FreakLegion 2021-08-17 20:49:53 +0000 UTC [ - ]

Like with Bloom filters (which also draw their power from hashing items into multiple buckets), the statistical guarantees are quite strong, and things work well in practice.

There are other options for the insertion algorithm than the standard random walk, too. E.g. take a look at page 18 of "Load Thresholds for Cuckoo Hashing with Overlapping Blocks" [1] for empirical data on 2-3 hash functions for 2-3 size windows. They don't show 4- or 8-size windows, but you get the gist.

Like nullc says below, it's trivial to tune things for your requirements. Want fast insertions? Overprovision. Want more predictable insertions? Use a smarter insertion algorithm. Want small tables? Use more hash functions and/or larger buckets. Want fast queries? Keep the hash count and bucket sizes small.

Rehashing isn't really a concern beyond the case of 2 hash functions and non-overlapping buckets of size 1.
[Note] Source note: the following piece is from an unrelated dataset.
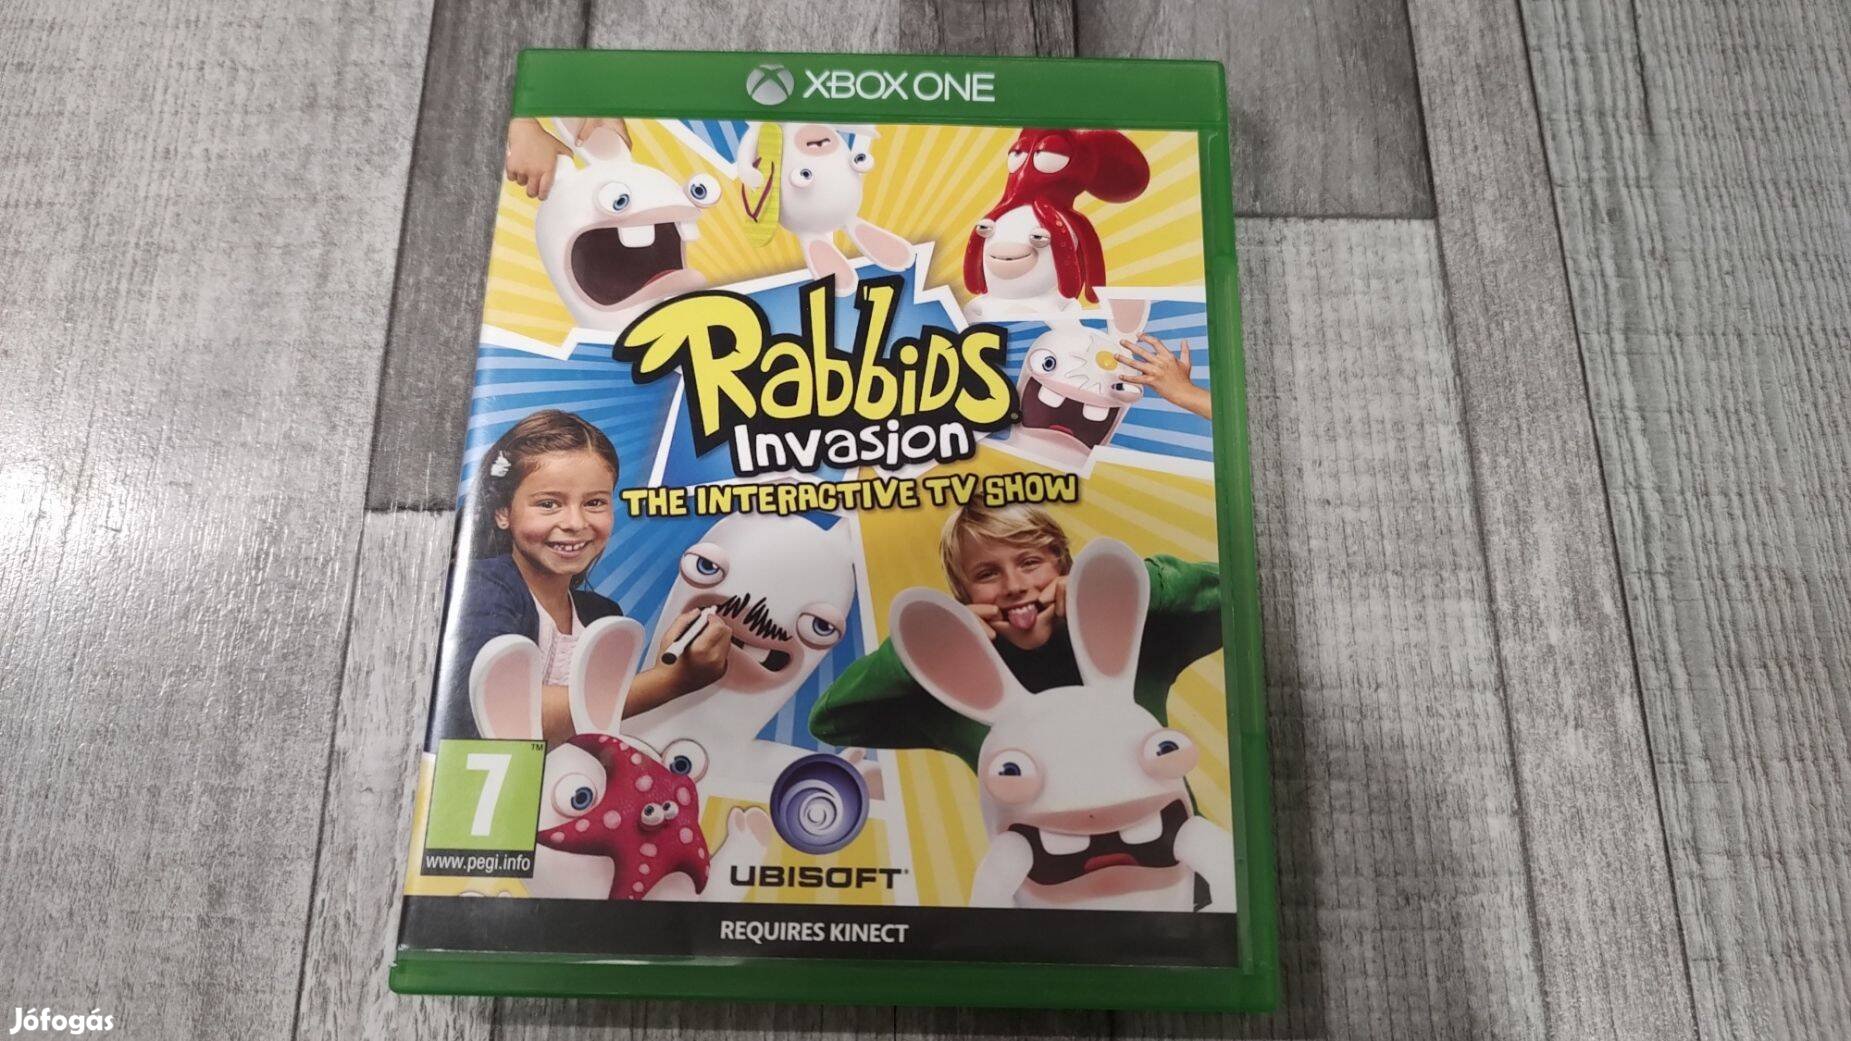 Top Xbox One(S/X) : Kinect Rabbids Invasion The Interactive Tv Show

1. https://arxiv.org/pdf/1707.06855.pdf

jasonwatkinspdx 2021-08-16 18:28:06 +0000 UTC [ - ]

So, for the complete formal answer get Mitzenmacher's book: https://www.amazon.com/Probability-Computing-Randomized-Algo...
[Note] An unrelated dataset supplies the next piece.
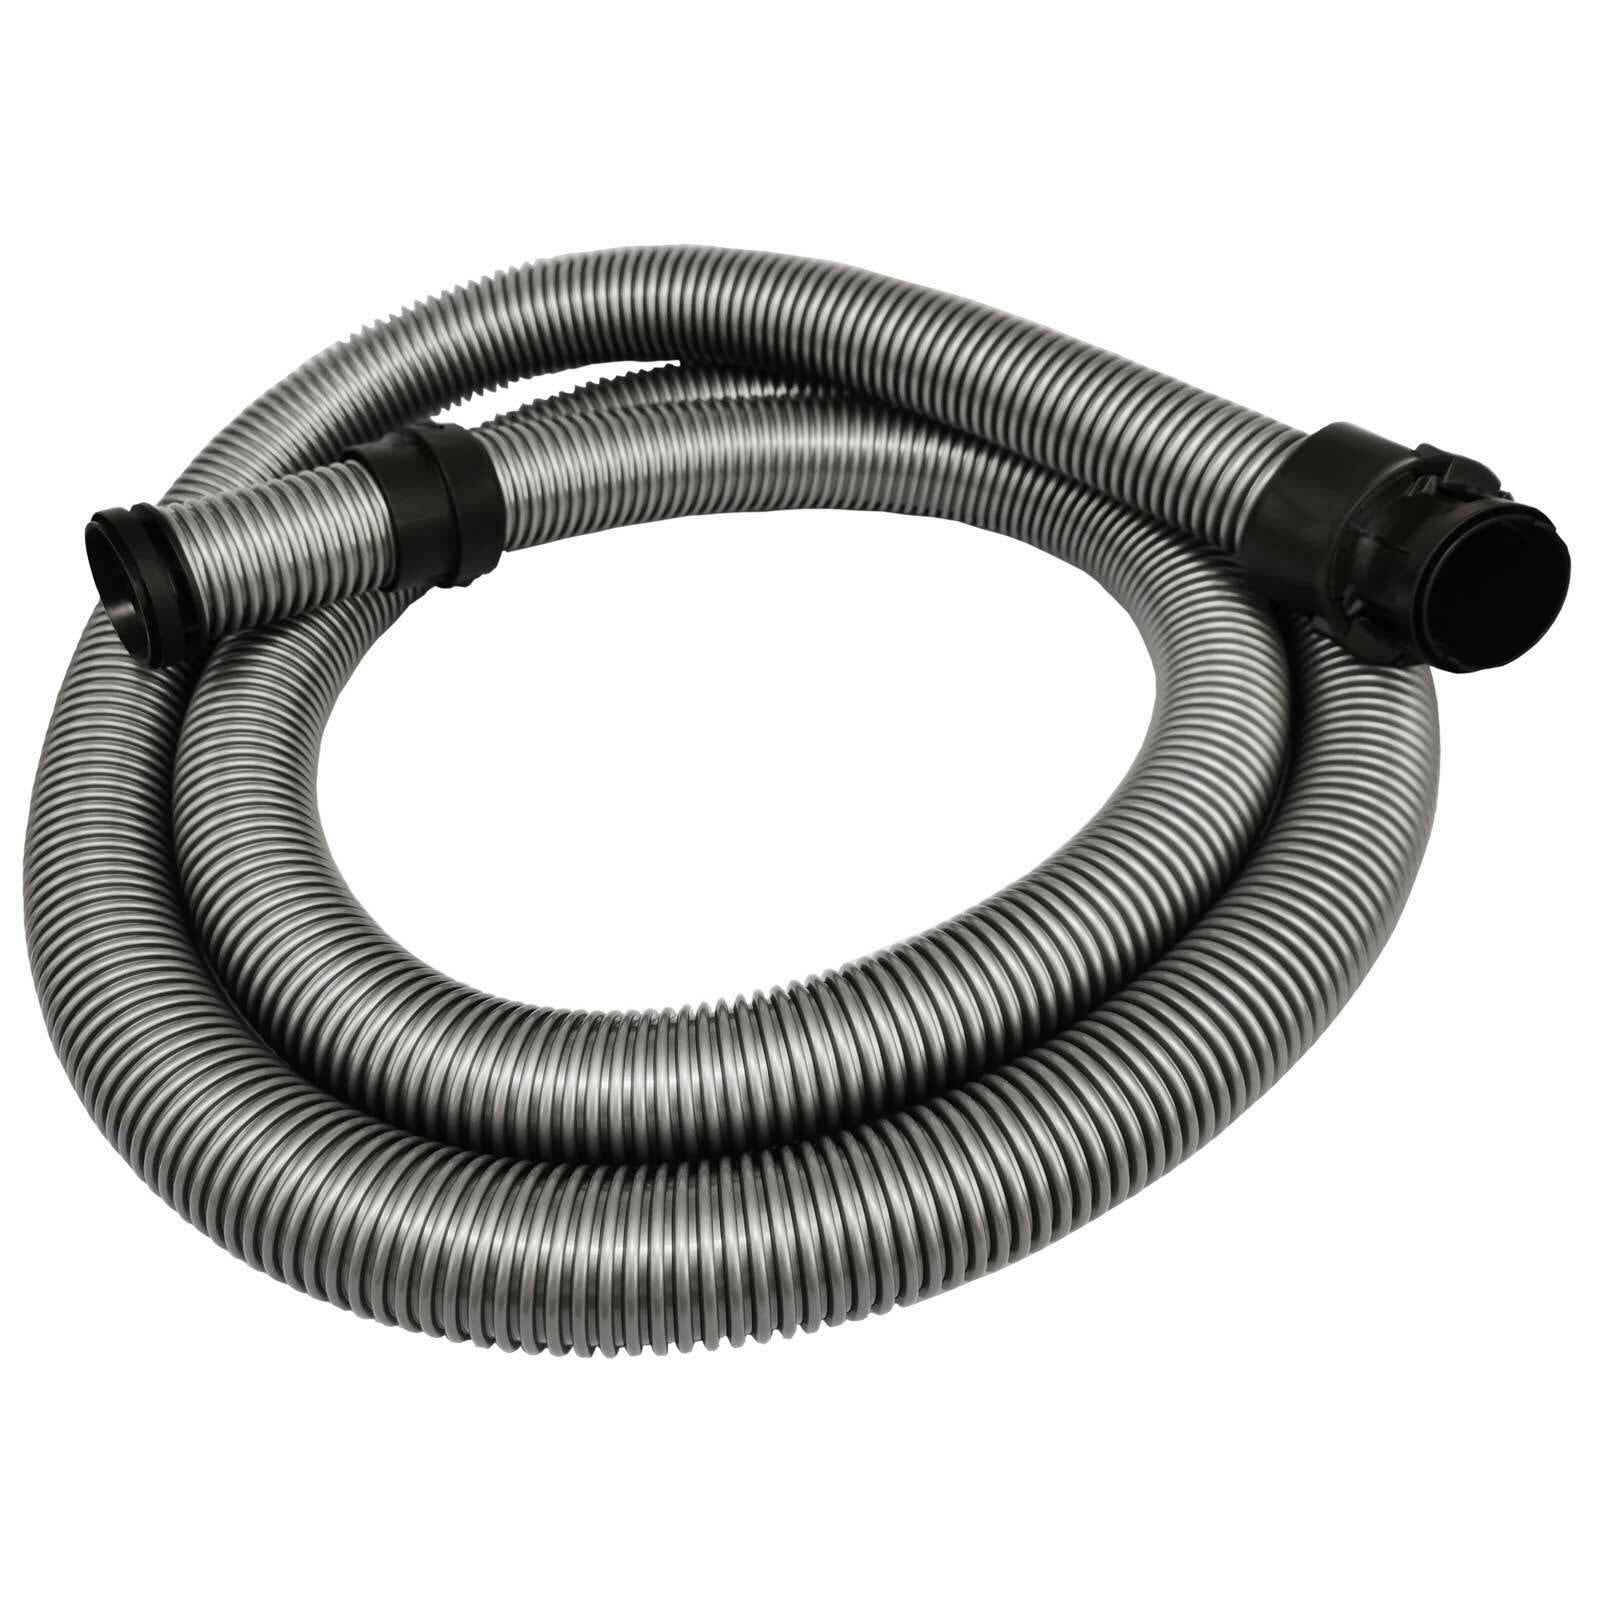 Flexible Suction Hose 2.5M For Miele S8310 S8330 S8340 S8390 S8320 S8 Sparesbarn

There are incrementally resizing versions, generally under the name Levelized Hashing. The most state of the art versions of these are lock free. (example: https://www.usenix.org/conference/atc20/presentation/chen)
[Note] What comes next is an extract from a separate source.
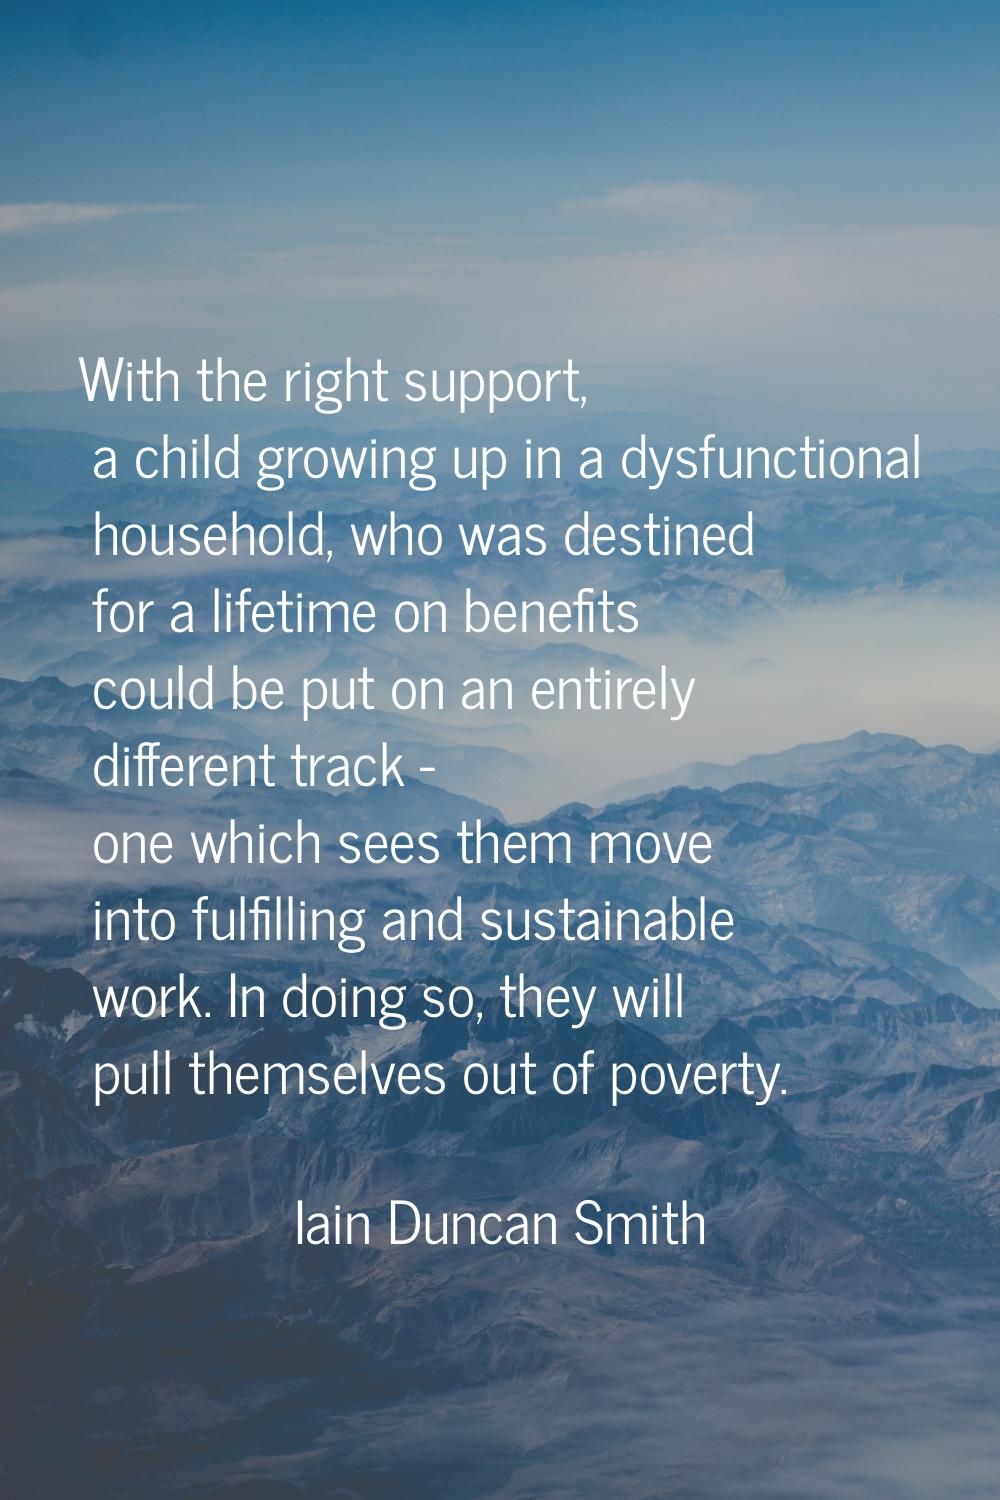 With the right support, a child growing up in a dysfunctional household, who was destined for a lif

phkahler 2021-08-16 16:04:10 +0000 UTC [ - ]

Seems like a good point. If you're at 90+ percent occupancy you're going to run into trouble adding more data.

throwaway81523 2021-08-16 08:03:20 +0000 UTC [ - ]

IIRC you can get to high occupancy by doing enough rehashes. After that, if you do no more insertions and only lookups, it is a good deal since each lookup takes at most two memory accesses. So this is useful if you are willing to spend a long time building what will then be a read-only table. Obviously there are uses for that.

dataflow 2021-08-16 08:22:21 +0000 UTC [ - ]

> IIRC you can get to high occupancy by doing enough rehashes.

Yeah so how many total insertions (as part of the rehashing) do you expect to have to do to achieve 99% occupancy? Wouldn't it be even worse than O(n^2)?

And if you're going to spend a lot of time rebuilding the hash table all the time, then why not just use a perfect hash generator?

throwaway81523 2021-08-16 08:30:14 +0000 UTC [ - ]

Large perfect hash tables have to store an awful lot of information. I don't remember quite how it's done but it's not a free lunch. The hash function itself has a size that grows with the total size of all the keys.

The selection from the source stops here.